Wood recognises that “iIf they do achieve their goal, this would absolutely be a very successful exercise in monetary stimulus.”
“But it is a big if. It really is a big if.”
Furthermore, the intersection between the China economy and the outcome of the US presidential elections presents a unique challenge for investors.
With regards to the impact of a Trump administration on US-China relations, Woods notes that “there is a growing view that Trump is a transactional business person and he is absolutely open to securing what he thinks is the best deal for the US, if it means adjusting tariffs with China.”
The 60% tariff on China is one that is extremely steep and would ultimately be passed on to US consumers. As such, Woods is open to the view that a “win-win situation” could be struck, where the 60% tariff is seen as a leverage or bargaining tool rather than an end goal.

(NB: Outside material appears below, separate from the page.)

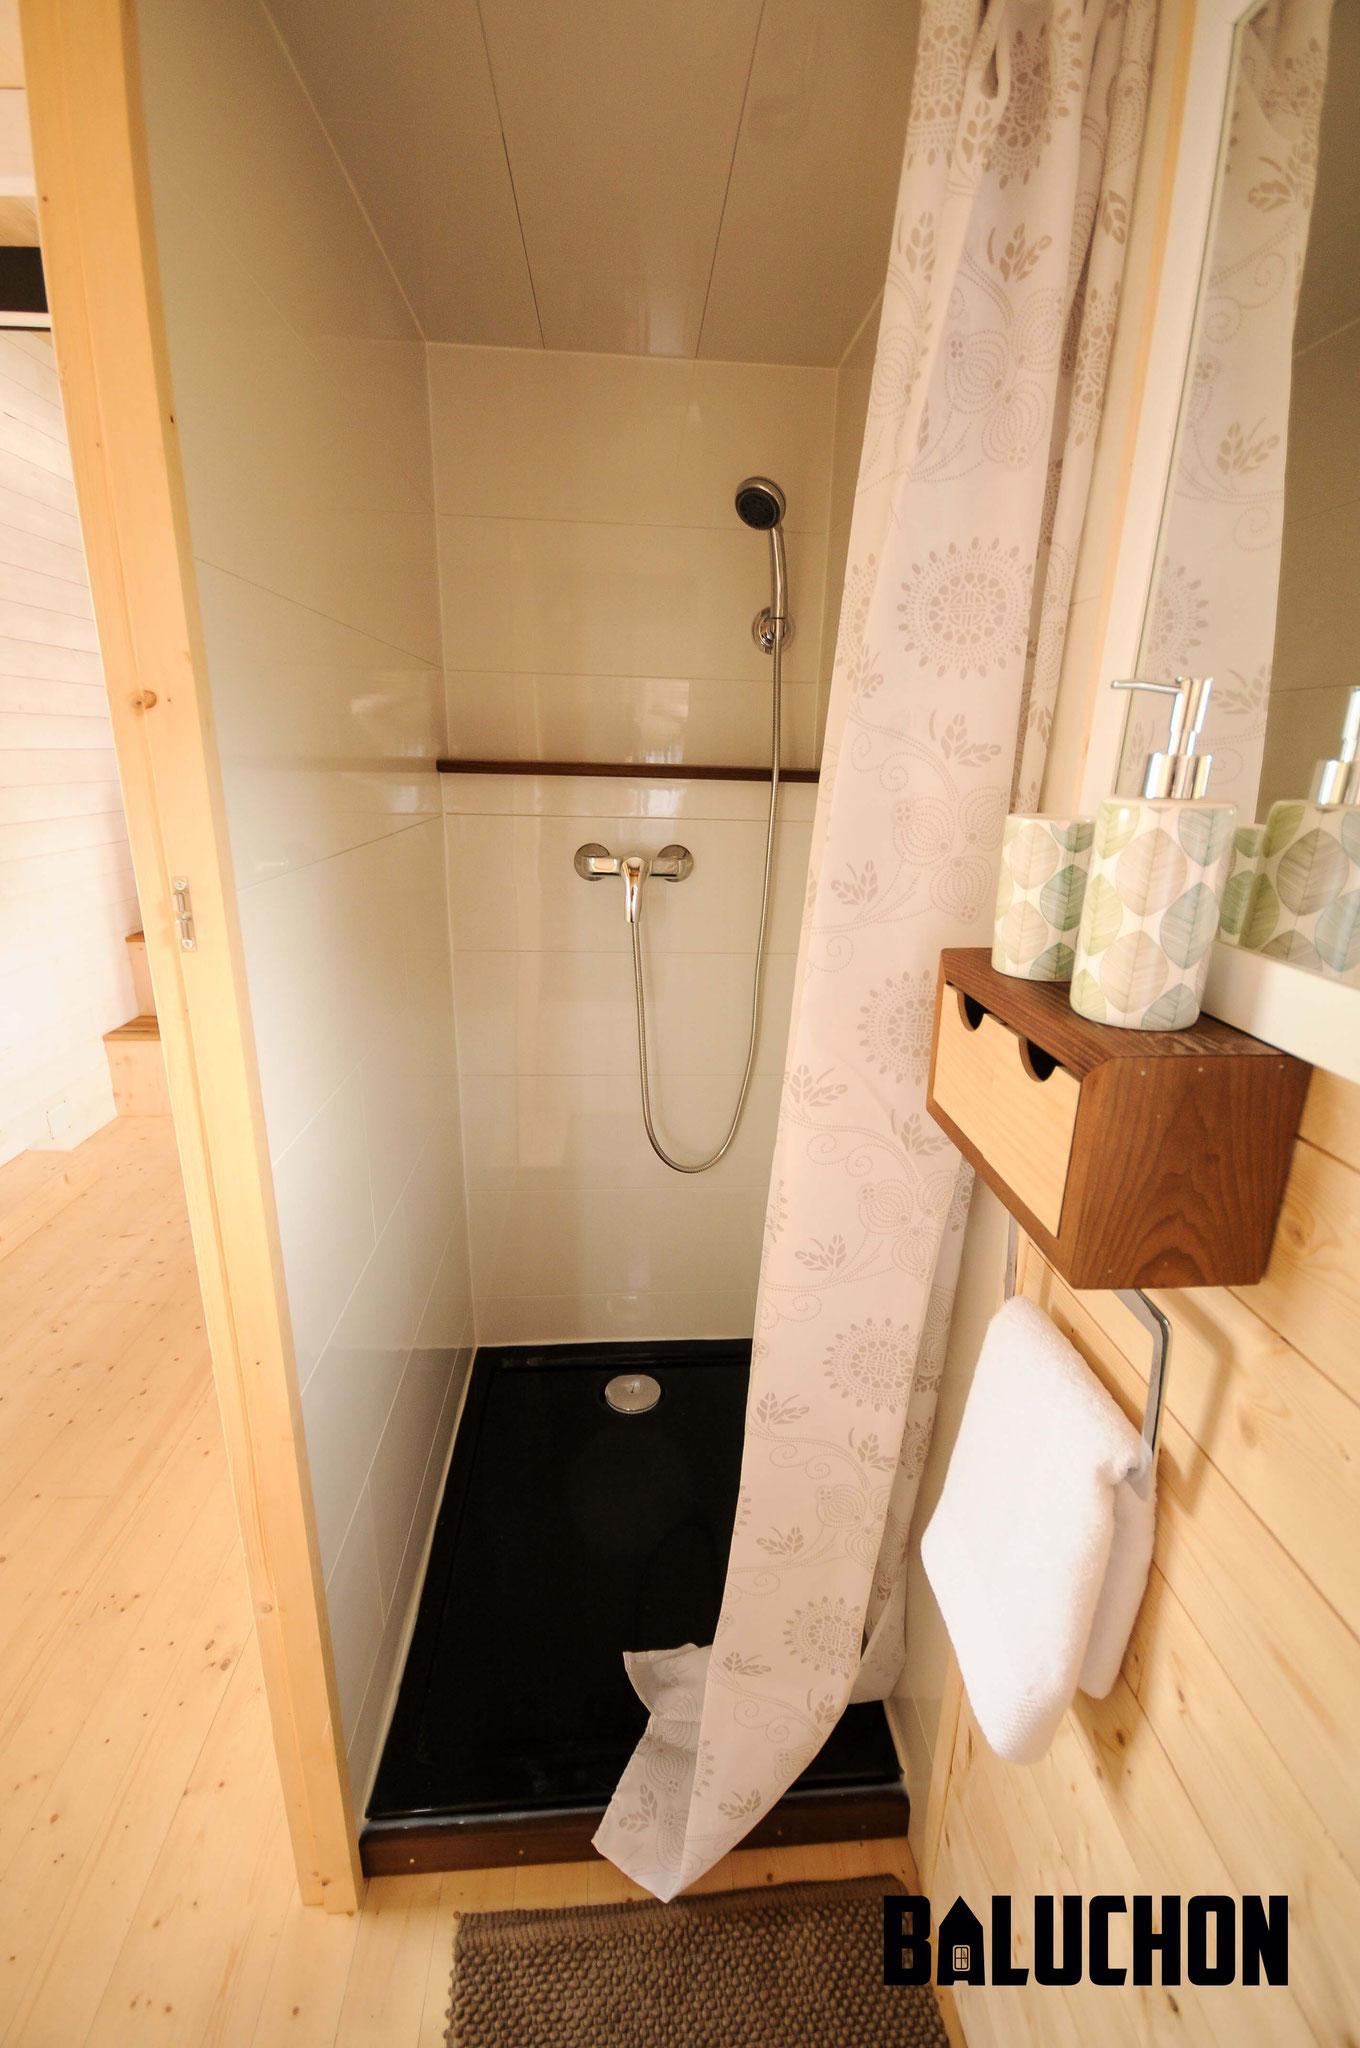 L'Odyssée - French Tiny House - Bathroom

However, regardless of the administration, Woods is of the view that US-China political tensions are likely.
“The idea that the US would seek to contain China, is a consensus across both parties, and I don’t think that will change anytime soon,” Wood notes, “It is just a multi-decade phenomena that is now part of modern international relations.”
Impact on investors
In view of this, Woods notes that “there is more to Asia than simply China.”
Given the geopolitical tensions, it is likely that there will be reshoring from China to other locations around the region, boosting inter-regional trade. Singaporean banks could be well-positioned to act as a funding vehicle for such inter-regional trade, particularly within South and Southeast Asia.
The renewed focus on India proves to be another potential source of opportunity. This was marked by Chinese president’s Xi Jin Ping’s recent meeting with Indian prime minister Narendra Modi for the first time in five years.
According to Woods, this is extremely important as it holds out the prospect of increased Chinese investment, particularly in manufacturing investment in India, which is viewed as a positive development.
Notwithstanding, the renewed focus on India, Woods identifies the commodity and energy markets in Indonesia and Malaysia, the health tech and banking sector in Singapore and AI proxies in Taiwan and Korea as other potential areas of opportunity.